WORK TASK:
Copy every line of the records that includes the word "thumbnail".

------ THE INPUT

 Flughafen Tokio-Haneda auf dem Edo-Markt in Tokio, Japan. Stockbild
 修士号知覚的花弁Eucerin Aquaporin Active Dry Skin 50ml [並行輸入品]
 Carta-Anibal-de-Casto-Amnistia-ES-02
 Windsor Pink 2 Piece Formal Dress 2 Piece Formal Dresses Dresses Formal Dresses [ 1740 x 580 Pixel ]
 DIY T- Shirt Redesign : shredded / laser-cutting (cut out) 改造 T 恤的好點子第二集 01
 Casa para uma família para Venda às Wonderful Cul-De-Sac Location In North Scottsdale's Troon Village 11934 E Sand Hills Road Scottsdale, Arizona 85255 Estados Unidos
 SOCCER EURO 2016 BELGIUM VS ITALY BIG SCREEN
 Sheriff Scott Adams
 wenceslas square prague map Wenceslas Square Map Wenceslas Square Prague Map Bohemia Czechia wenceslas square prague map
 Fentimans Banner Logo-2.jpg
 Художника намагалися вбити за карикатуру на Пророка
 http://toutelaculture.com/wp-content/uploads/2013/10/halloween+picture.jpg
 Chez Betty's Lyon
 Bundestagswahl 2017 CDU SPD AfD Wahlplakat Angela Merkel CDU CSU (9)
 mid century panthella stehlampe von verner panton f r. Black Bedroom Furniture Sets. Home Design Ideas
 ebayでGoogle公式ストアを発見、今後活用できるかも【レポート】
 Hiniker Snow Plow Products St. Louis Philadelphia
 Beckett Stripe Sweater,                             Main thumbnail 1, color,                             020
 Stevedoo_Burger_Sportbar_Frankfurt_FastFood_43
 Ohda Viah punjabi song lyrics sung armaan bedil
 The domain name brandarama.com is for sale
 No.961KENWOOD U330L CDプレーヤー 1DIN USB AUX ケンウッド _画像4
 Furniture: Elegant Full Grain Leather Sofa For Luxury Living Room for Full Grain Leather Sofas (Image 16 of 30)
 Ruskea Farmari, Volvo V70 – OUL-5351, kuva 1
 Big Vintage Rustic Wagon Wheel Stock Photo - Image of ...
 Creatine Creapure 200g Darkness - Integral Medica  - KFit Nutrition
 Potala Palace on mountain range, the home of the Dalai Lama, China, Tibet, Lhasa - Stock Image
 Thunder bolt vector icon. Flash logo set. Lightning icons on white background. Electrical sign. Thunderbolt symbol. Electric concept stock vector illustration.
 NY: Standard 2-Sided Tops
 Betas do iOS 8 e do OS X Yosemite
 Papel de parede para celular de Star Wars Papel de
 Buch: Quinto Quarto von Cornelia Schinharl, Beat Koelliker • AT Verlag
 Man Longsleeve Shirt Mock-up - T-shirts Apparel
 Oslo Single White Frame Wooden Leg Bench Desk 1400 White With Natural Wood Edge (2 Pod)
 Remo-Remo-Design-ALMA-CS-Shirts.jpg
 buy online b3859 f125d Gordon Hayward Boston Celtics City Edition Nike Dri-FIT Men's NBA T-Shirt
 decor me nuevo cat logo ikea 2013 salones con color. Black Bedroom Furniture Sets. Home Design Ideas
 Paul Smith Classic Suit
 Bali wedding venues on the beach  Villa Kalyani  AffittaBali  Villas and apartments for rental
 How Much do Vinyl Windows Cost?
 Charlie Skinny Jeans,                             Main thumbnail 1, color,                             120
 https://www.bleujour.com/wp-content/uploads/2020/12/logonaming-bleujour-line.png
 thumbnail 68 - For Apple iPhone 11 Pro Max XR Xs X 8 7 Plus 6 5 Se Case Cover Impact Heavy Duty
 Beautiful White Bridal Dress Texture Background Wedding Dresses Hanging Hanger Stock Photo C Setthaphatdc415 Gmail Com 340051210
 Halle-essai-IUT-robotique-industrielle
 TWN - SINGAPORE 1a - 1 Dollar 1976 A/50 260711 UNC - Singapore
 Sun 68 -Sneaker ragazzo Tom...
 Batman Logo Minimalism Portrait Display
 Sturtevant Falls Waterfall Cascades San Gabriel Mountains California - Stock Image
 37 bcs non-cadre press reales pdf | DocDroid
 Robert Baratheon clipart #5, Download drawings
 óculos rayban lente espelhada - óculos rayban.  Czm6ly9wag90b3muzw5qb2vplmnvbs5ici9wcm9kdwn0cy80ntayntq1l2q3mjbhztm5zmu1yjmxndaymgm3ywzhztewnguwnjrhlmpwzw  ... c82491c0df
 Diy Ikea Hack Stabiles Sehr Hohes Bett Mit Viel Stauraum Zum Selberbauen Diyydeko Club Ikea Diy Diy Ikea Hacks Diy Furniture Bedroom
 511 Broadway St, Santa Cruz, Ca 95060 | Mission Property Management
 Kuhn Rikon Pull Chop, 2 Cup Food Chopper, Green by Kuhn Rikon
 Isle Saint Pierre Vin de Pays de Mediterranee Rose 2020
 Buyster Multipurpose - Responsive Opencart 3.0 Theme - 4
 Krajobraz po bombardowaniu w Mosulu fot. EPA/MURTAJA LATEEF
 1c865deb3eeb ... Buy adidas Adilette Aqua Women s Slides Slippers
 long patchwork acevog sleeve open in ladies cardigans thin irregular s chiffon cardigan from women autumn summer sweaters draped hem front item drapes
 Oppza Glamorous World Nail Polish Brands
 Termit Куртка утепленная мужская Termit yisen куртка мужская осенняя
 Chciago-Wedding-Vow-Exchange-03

------------

ANSWER TO THIS PROBLEM:
 Beckett Stripe Sweater,                             Main thumbnail 1, color,                             020
 Charlie Skinny Jeans,                             Main thumbnail 1, color,                             120
 thumbnail 68 - For Apple iPhone 11 Pro Max XR Xs X 8 7 Plus 6 5 Se Case Cover Impact Heavy Duty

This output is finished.